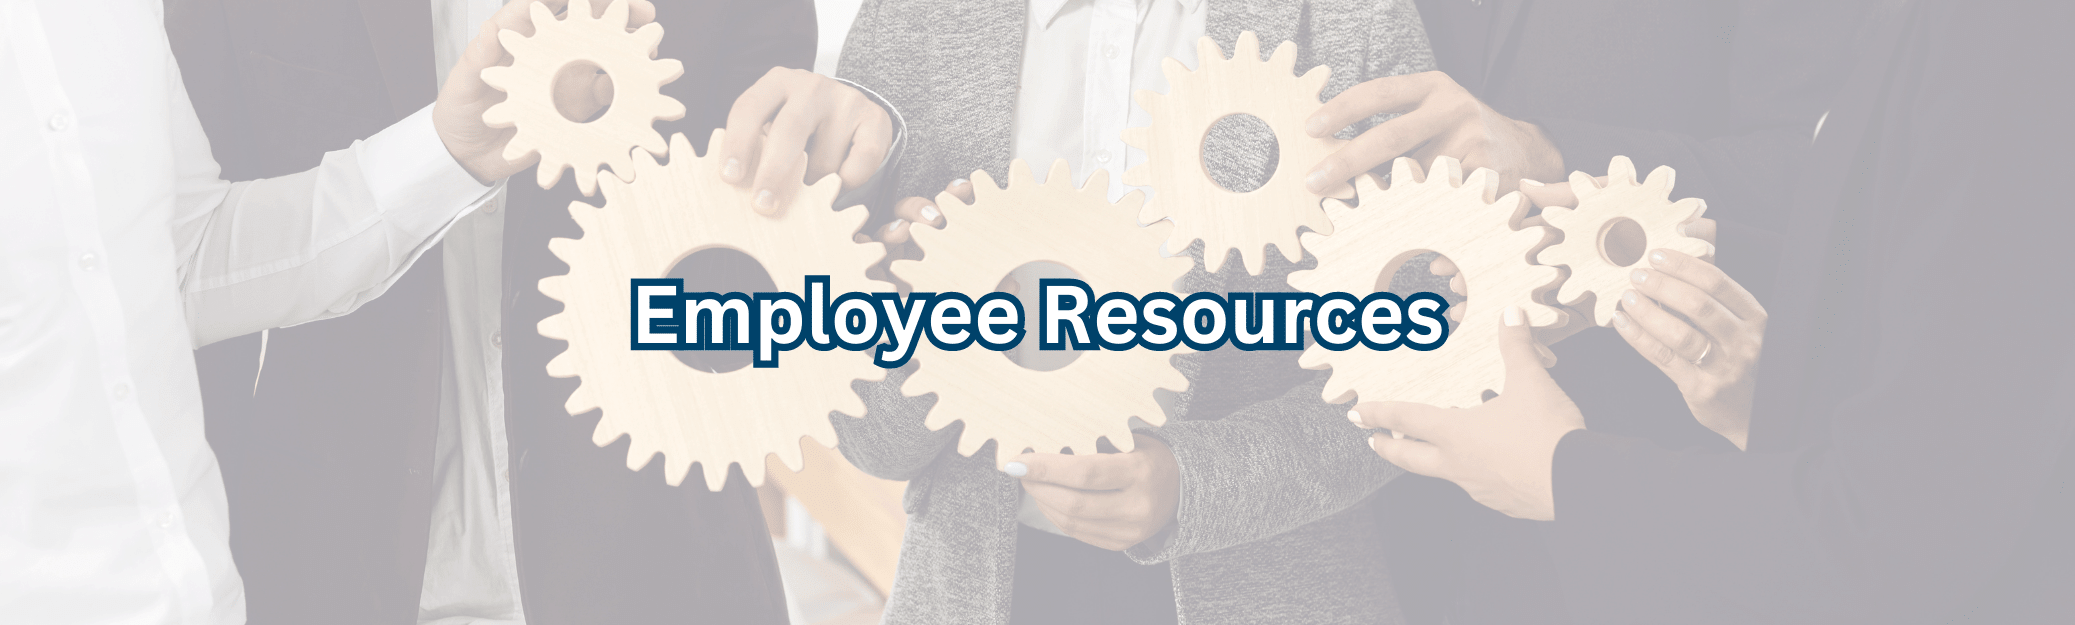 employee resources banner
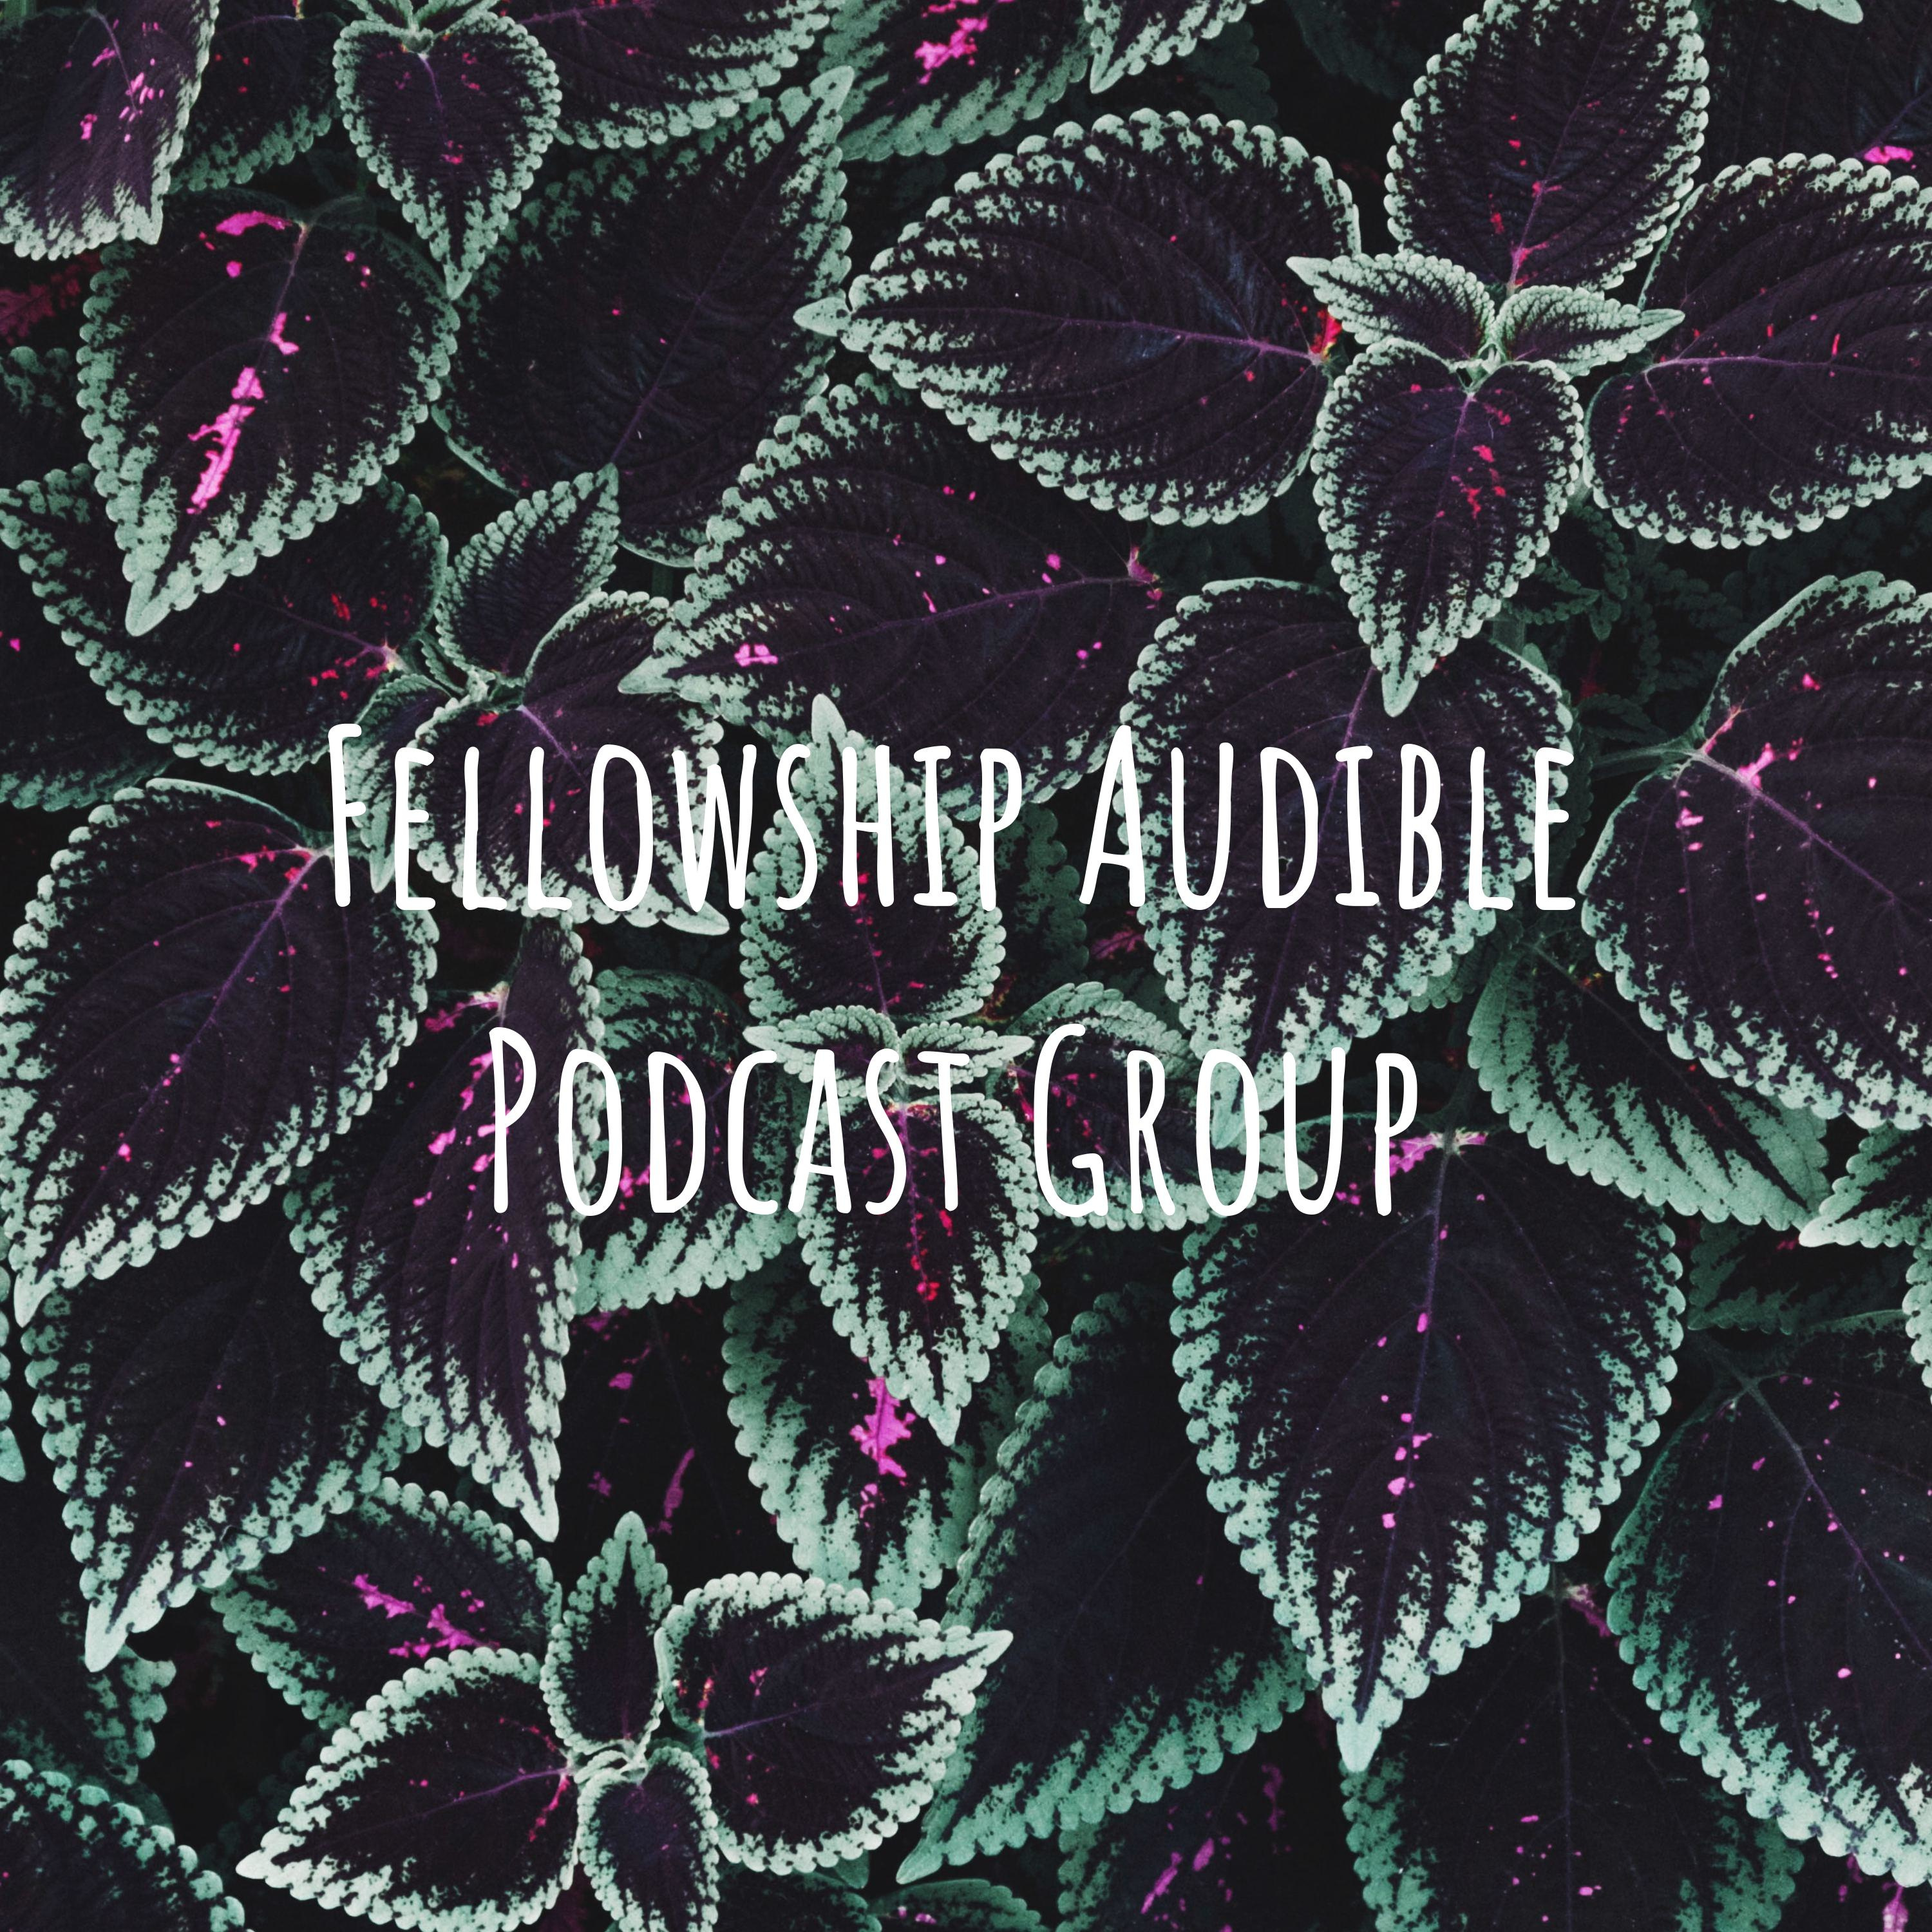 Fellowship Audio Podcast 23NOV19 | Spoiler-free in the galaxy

* * *

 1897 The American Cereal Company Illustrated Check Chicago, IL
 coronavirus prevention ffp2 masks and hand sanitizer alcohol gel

---

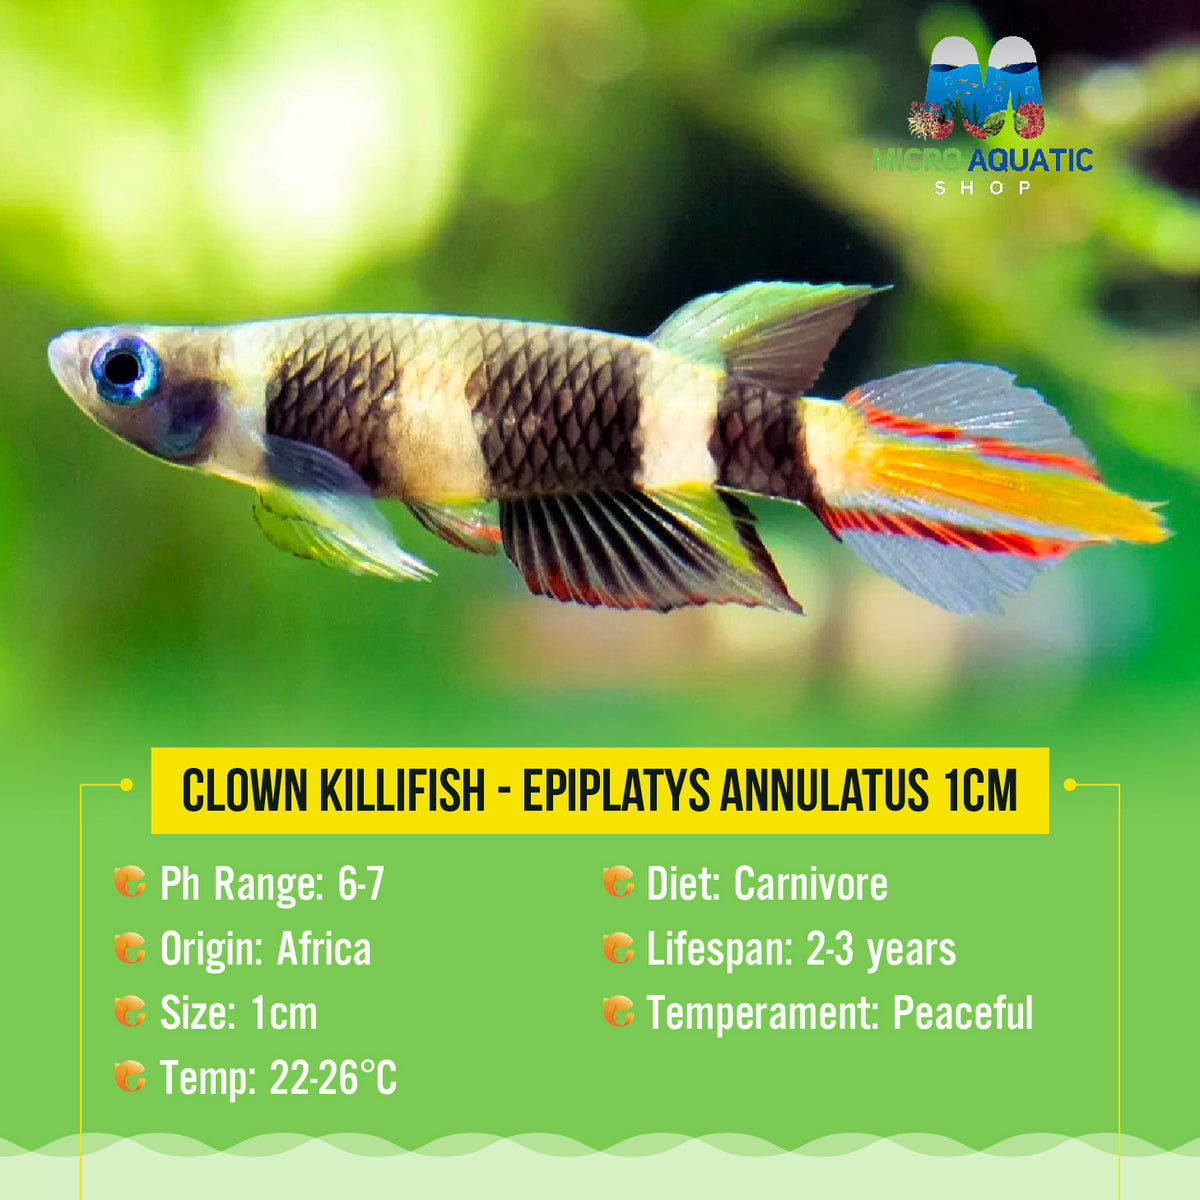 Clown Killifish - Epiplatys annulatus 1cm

§ **WORK TASK**
What is wanted is an exact copy of the lines above from the one containing "employee resources banner" through the one containing "Fellowship Audio Podcast", with no pictures in it.

§ **COMPLETED EXERCISE**
 employee resources banner
 Fellowship Audio Podcast 23NOV19 | Spoiler-free in the galaxy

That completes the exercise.